An interesting post, but IMHO, it's irrationally exuberant in its lack
of appreciation for how insanely hard AI has been, as demonstrated
during the past 40 years of lots of very smart people making very slow
progress in the development of intelligent systems.
Mike Laub wrote:
> I think that we have already created artificial intelligence on the
> internet, we just need to give him/her a way of speaking. I would like
> to call this The first steps towards creating this artificial
> intelligence came from Google when they made the algorithm that
> promotes the best sites to the top of a search result.
IMHO, Google's algorithm has little in common with AI. If you look
into the founders of Google and the origins of their ranking
algorithm, you'll find that Brin and Page were Stanford grad students
working in data mining, and that their big idea is based on trivial
syntactic correlation between words, their locality in documents or
web pages, and the number of incoming web links, and not the
underpinnings of AI: causation, semantics, cognition.
Imagine building an intelligent framework does not recognize the
existence or value of cause and effect, does not comprehend any
subtleties of "meaning", and does employ any mechanisms of thought.

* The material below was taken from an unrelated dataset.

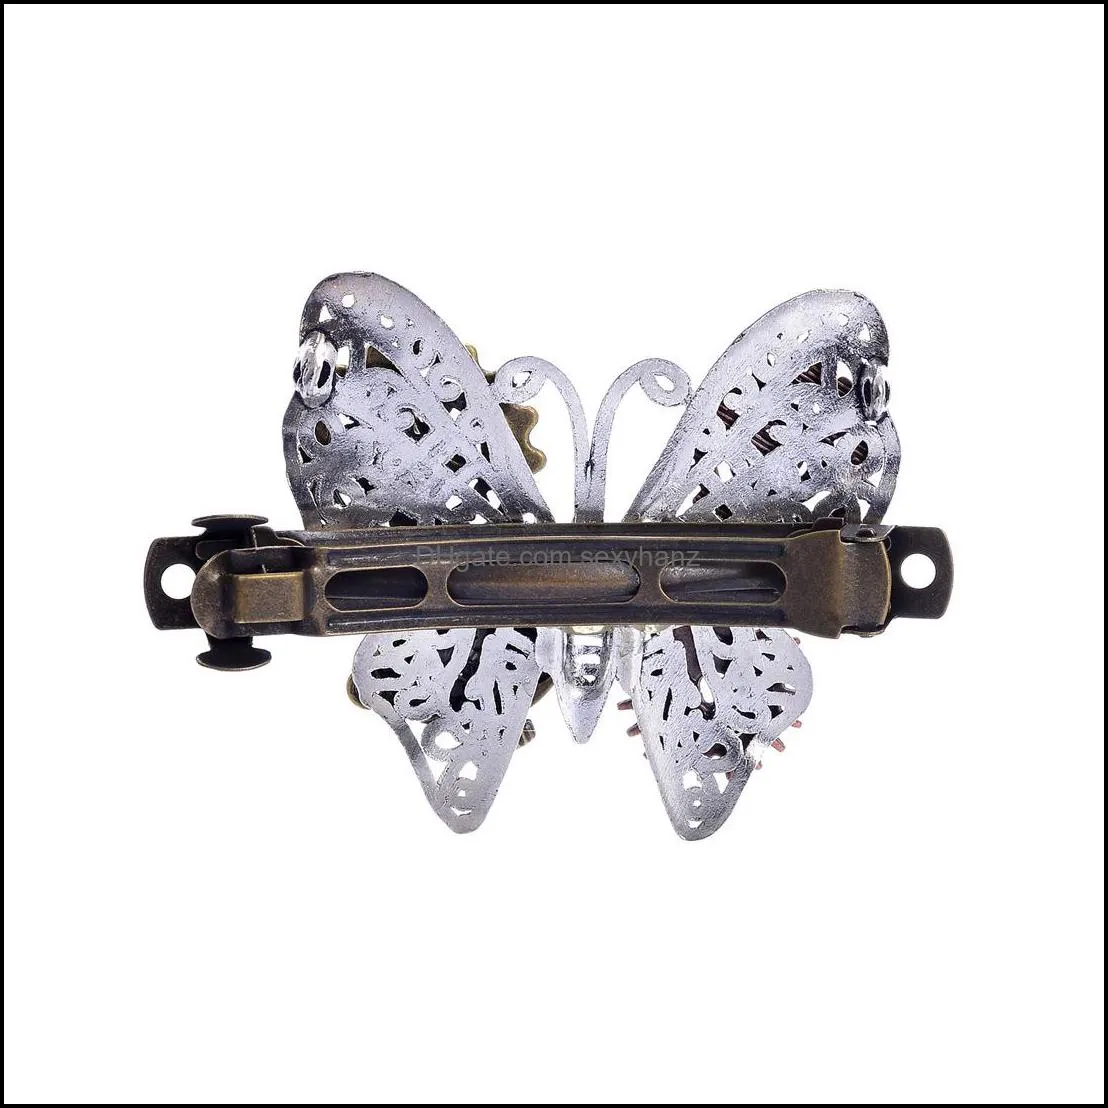 S874 Hot Fashion Jewelry Women`s Vintage Butterfly Barrette Steampunk Gear Alloy Butterfly Hairpin Hair Clip Bobby Pin Lady Barrette

In the absence of these fundamental underpinnings of "intelligence"
(and many, many more), Google's inherent limitations reduce its
potential to build intelligent system into recognizing static patterns
of word forms that are "alike" and "popular".
For more on Google's ranking algorithm:
http://www-db.stanford.edu/~backrub/google.html
http://en.wikipedia.org/wiki/Page_rank
http://www.iprcom.com/papers/pagerank/
> The thing that distinguishes human beings from animals is our ability
> to choose between two things, and Google does this when they put one
> website above another. If you agree with the book, Zen and the Art of
> Motorcycle maintenance, you understand that the quality is indefinable,
Actually, I think Pirsig *did* finally define quality, at least to
degree that was workable and productive. Otherwise, the rest of the
book's exploration of that concept would have led nowhere.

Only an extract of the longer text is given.